Reproduce the listing exactly, with no pictures in your copy.

● Material provided
# # # # #

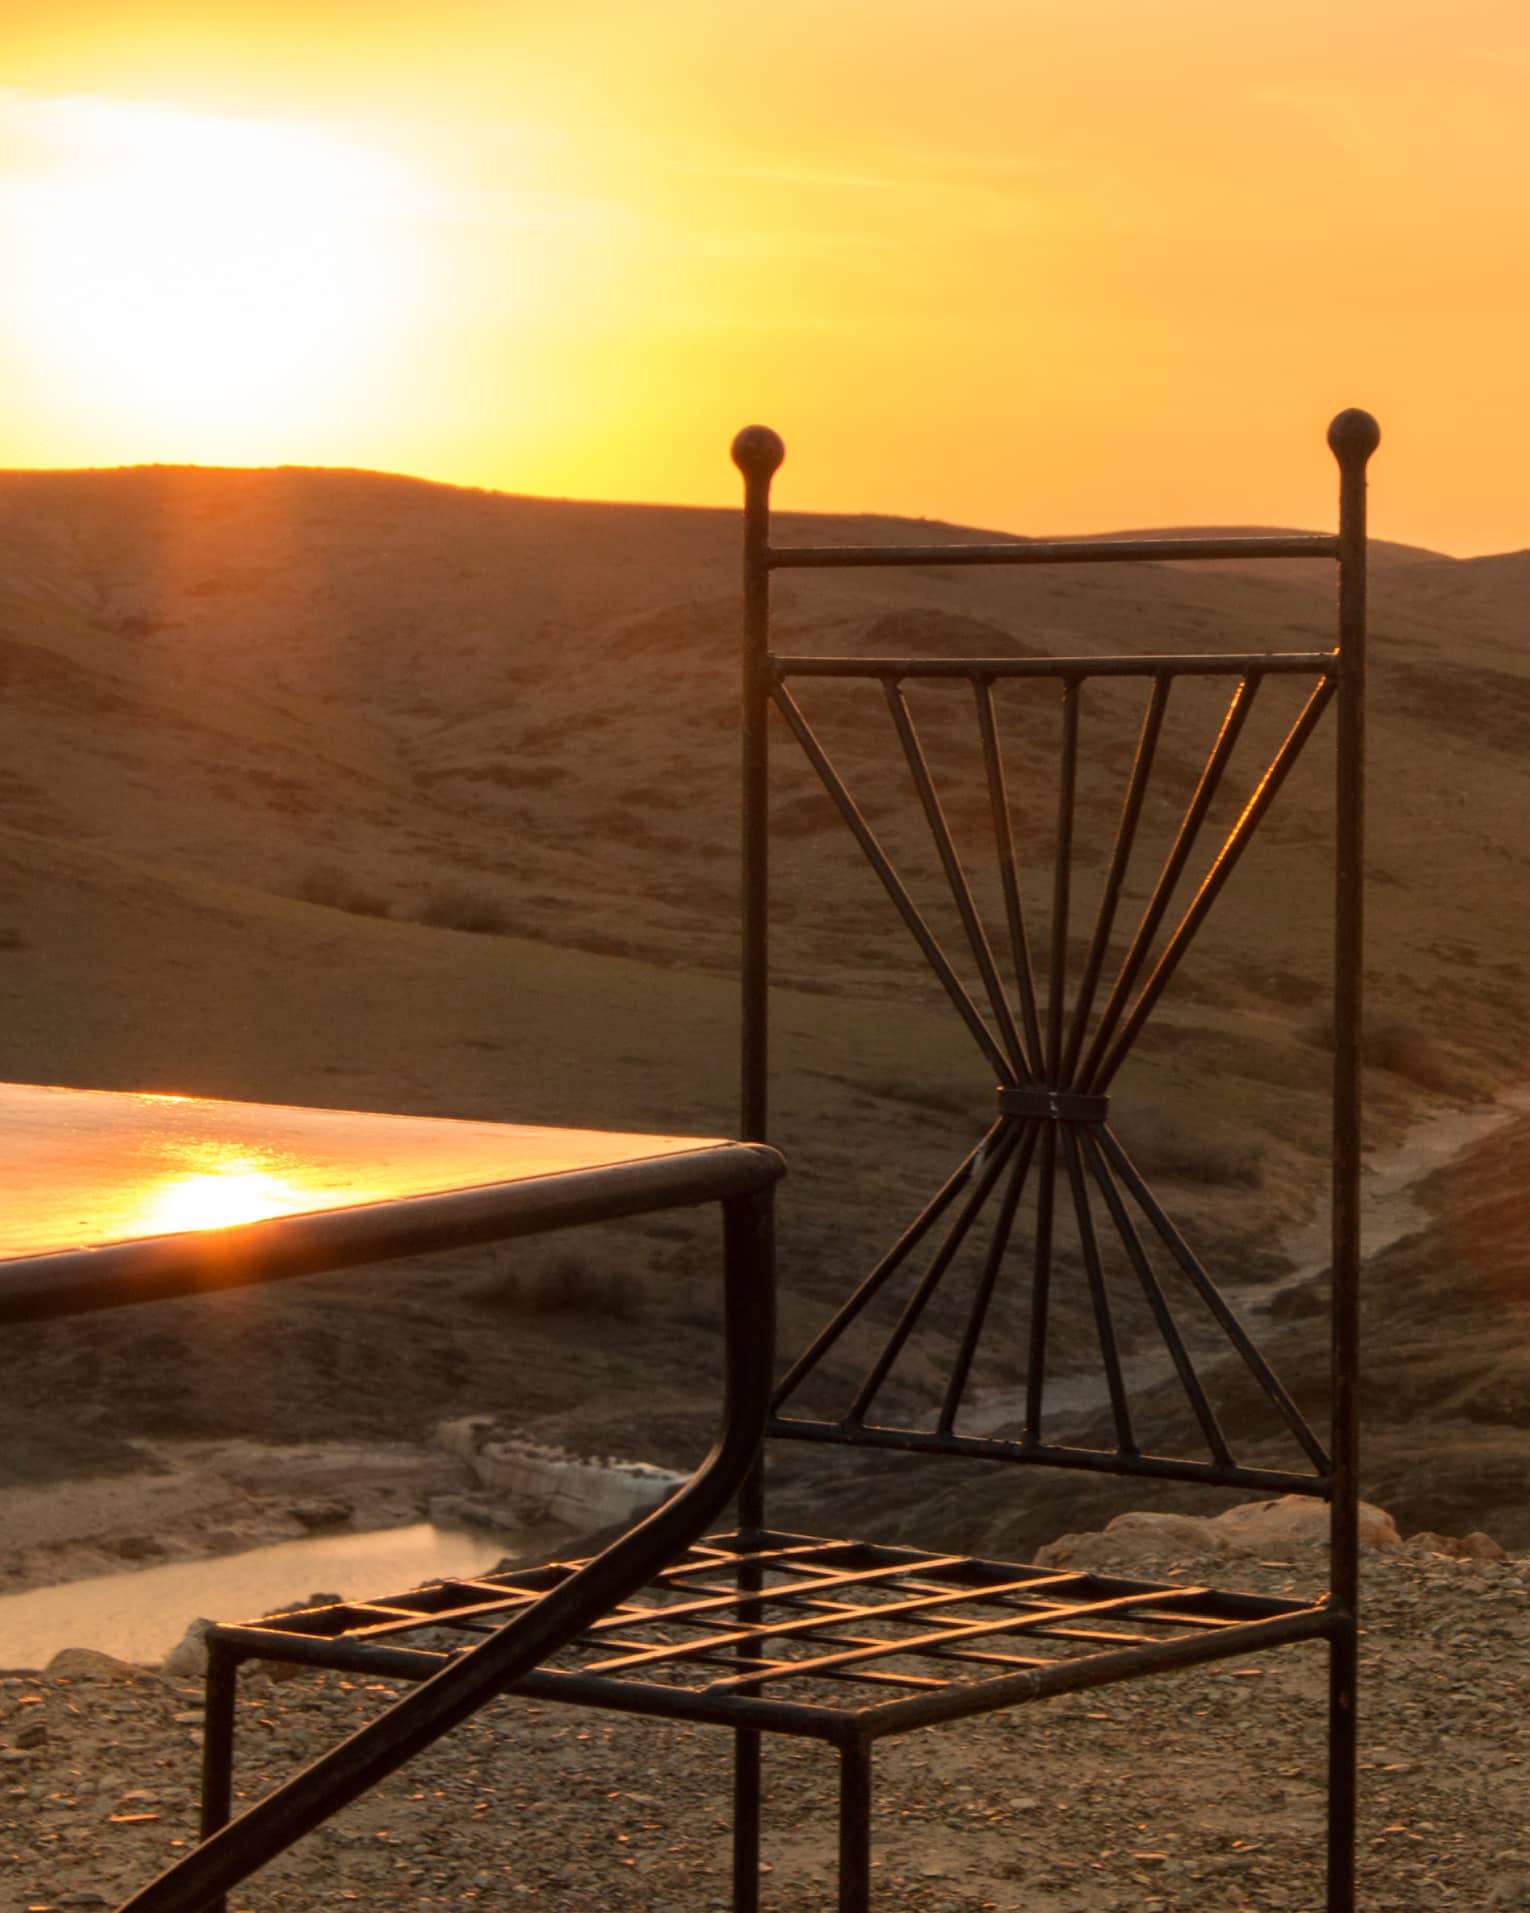 Corner of table, chair in desert at sunset
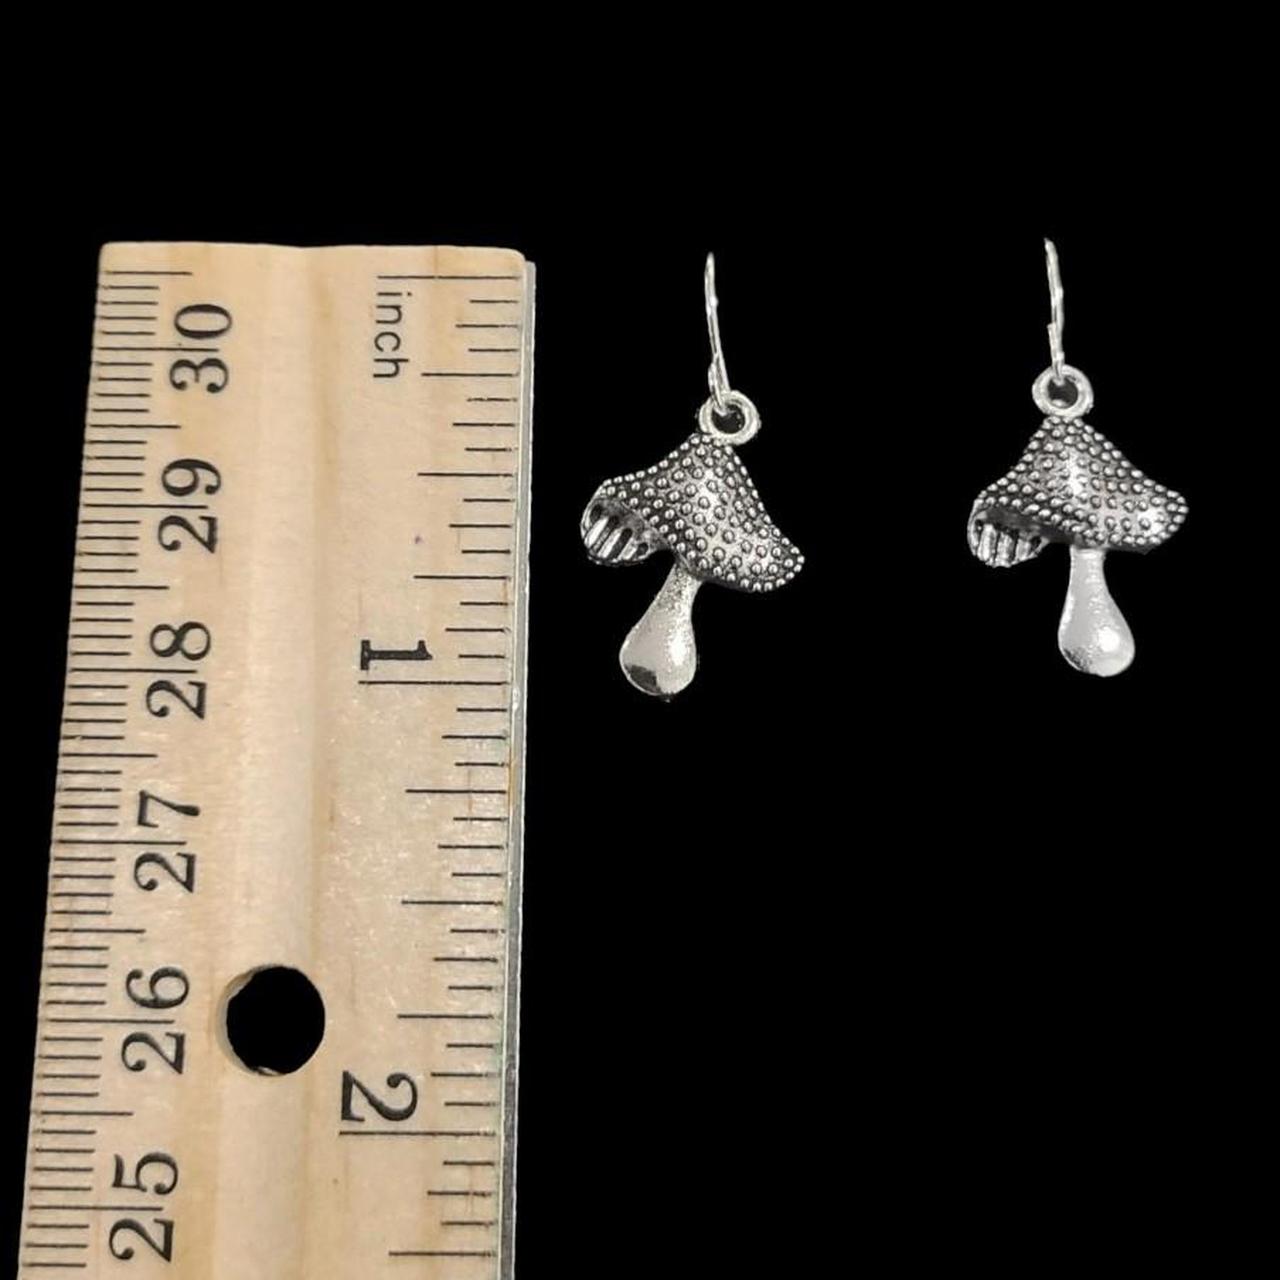 Product Image 3 - Silver Mushroom Earrings 003
..
Small Silver-tone

# # # # #

● Answer to this task
 Corner of table, chair in desert at sunset
 Product Image 3 - Silver Mushroom Earrings 003
..
Small Silver-tone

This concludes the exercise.